Virus‐like particles (VLPs) constitute a powerful and flexible platform that harness the immunogenicity of viruses without compromising on safety as VLPs cannot infect nor replicate due to the absence of the viral genetic material (DNA or RNA). The use of multivalent antigen display involving complex structures such as VLPs is one method of enhancing immune responses against weak immunogens. Antigen display on the surface of VLPs improves immunogenicity compared to soluble proteins.
In recent years, cancer immunotherapy with checkpoint inhibitors has achieved remarkable clinical outcomes in patients with advanced stages of cancer. Additionally, tumor-associated antigens and tumor-specific antigens provide an opportunity for tumor detection and destruction by the immune system. However, cancer cells have adopted several strategies to evade immune recognition, leading to a state of tumor tolerance. Biological response modifiers (such as vaccines) have the potential to fight cancer and can be used to break tumor tolerance. The vaccine must deliver a large number of selected cancer antigens to promote B cell and DC activation and antigen presentation to T cells. Antitumor immunity and local microenvironment can be strongly modulated by VLPs. With the VLP platform, it can target solid tumors or cancer stem cells (CSCs) with the potential to be used as prophylactic or therapeutic cancer vaccines, alone or in combination with chemotherapy, checkpoint inhibitors, or future therapies.

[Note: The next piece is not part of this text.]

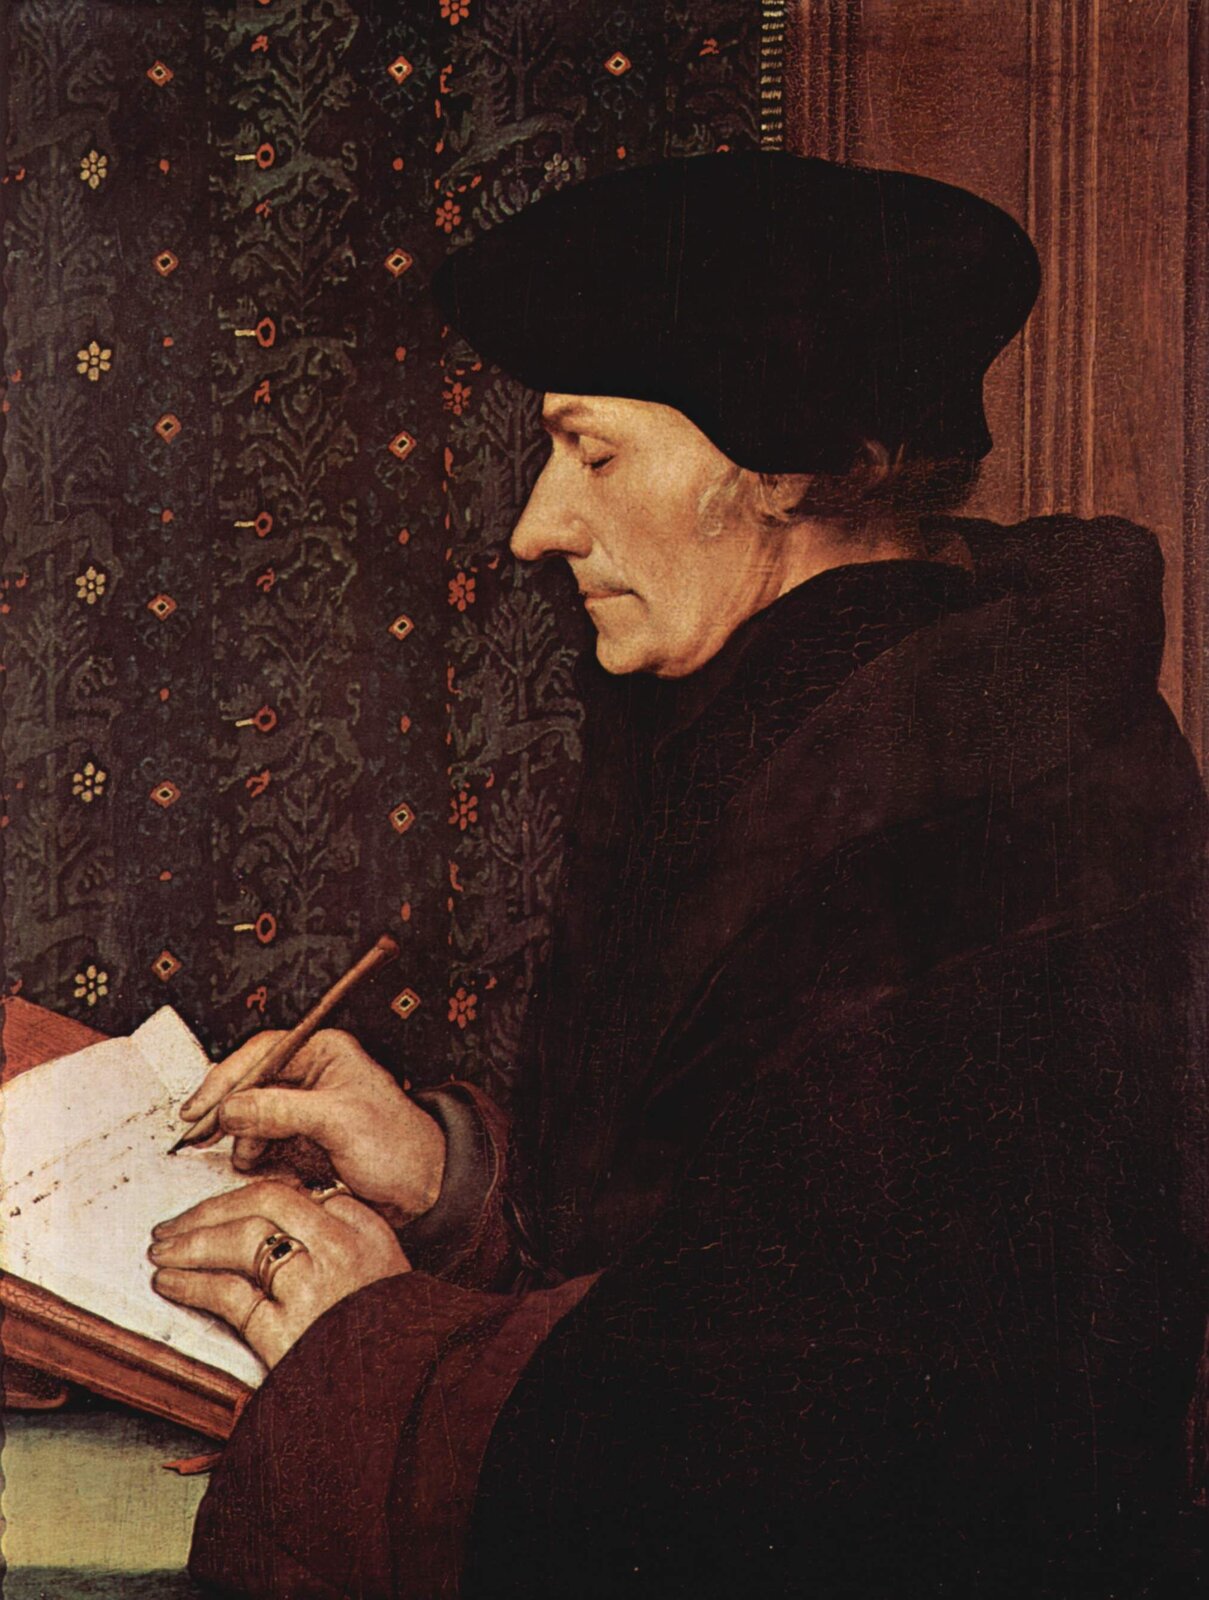 Obraz autorstwa Hansa Holbeina pt. portret Erazma z Rotterdamu przedstawia tytułowego mężczyznę, który pozuje na siedząco. Został on uwieczniony w czasie pracy nad dokumentem.  Mężczyzna ma na głowie czarną czapkę, ubrany jest w długą czarną szatę, w jednej dłoni trzyma pióro, drugą przytrzymuje kartkę papieru.

VLPs activate dendritic cells (DCs) through their interaction with pattern recognition receptors (PRRs). VLPs can attach and penetrate host cells because they conserve receptor binding sites. After immunization with VLP-based vaccines, VLP and adjuvant are recognized and internalized by DCs, inducing the release of pro-inflammatory cytokines to recruit more antigen-presenting cells (APCs) which later prompt an adaptive immune response. VLPs displaying antigenic epitopes or complete surface antigens can break B cell self-tolerance to induce therapeutic a tumor-specific B cell response.